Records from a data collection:

+-------+

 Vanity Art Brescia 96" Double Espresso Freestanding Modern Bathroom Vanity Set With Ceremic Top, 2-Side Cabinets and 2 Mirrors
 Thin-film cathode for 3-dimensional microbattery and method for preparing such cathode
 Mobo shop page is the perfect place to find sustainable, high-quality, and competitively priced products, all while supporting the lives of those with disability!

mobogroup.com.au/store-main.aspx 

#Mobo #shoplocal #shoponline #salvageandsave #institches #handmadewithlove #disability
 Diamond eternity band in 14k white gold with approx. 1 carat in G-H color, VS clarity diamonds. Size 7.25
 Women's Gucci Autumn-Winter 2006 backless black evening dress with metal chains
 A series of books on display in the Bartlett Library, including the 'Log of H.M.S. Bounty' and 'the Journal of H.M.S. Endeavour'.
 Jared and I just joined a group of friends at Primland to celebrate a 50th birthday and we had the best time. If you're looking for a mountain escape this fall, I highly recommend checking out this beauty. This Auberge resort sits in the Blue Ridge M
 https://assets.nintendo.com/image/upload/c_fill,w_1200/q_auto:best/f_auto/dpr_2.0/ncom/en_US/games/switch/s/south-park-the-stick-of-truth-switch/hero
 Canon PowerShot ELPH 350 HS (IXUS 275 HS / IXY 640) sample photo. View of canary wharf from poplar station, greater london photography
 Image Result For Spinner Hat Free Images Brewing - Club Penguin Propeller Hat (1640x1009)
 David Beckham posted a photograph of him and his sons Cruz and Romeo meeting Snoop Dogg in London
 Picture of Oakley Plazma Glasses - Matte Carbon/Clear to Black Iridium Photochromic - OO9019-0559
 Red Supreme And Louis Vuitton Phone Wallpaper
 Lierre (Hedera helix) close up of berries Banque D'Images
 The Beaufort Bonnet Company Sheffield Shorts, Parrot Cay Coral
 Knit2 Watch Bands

+-------+

EXERCISE GOAL: The line containing "Women's Gucci Autumn-Winter" and all lines after it, through the end of the entries above, are to be returned exactly and alone.

EXERCISE ANSWER:
 Women's Gucci Autumn-Winter 2006 backless black evening dress with metal chains
 A series of books on display in the Bartlett Library, including the 'Log of H.M.S. Bounty' and 'the Journal of H.M.S. Endeavour'.
 Jared and I just joined a group of friends at Primland to celebrate a 50th birthday and we had the best time. If you're looking for a mountain escape this fall, I highly recommend checking out this beauty. This Auberge resort sits in the Blue Ridge M
 https://assets.nintendo.com/image/upload/c_fill,w_1200/q_auto:best/f_auto/dpr_2.0/ncom/en_US/games/switch/s/south-park-the-stick-of-truth-switch/hero
 Canon PowerShot ELPH 350 HS (IXUS 275 HS / IXY 640) sample photo. View of canary wharf from poplar station, greater london photography
 Image Result For Spinner Hat Free Images Brewing - Club Penguin Propeller Hat (1640x1009)
 David Beckham posted a photograph of him and his sons Cruz and Romeo meeting Snoop Dogg in London
 Picture of Oakley Plazma Glasses - Matte Carbon/Clear to Black Iridium Photochromic - OO9019-0559
 Red Supreme And Louis Vuitton Phone Wallpaper
 Lierre (Hedera helix) close up of berries Banque D'Images
 The Beaufort Bonnet Company Sheffield Shorts, Parrot Cay Coral
 Knit2 Watch Bands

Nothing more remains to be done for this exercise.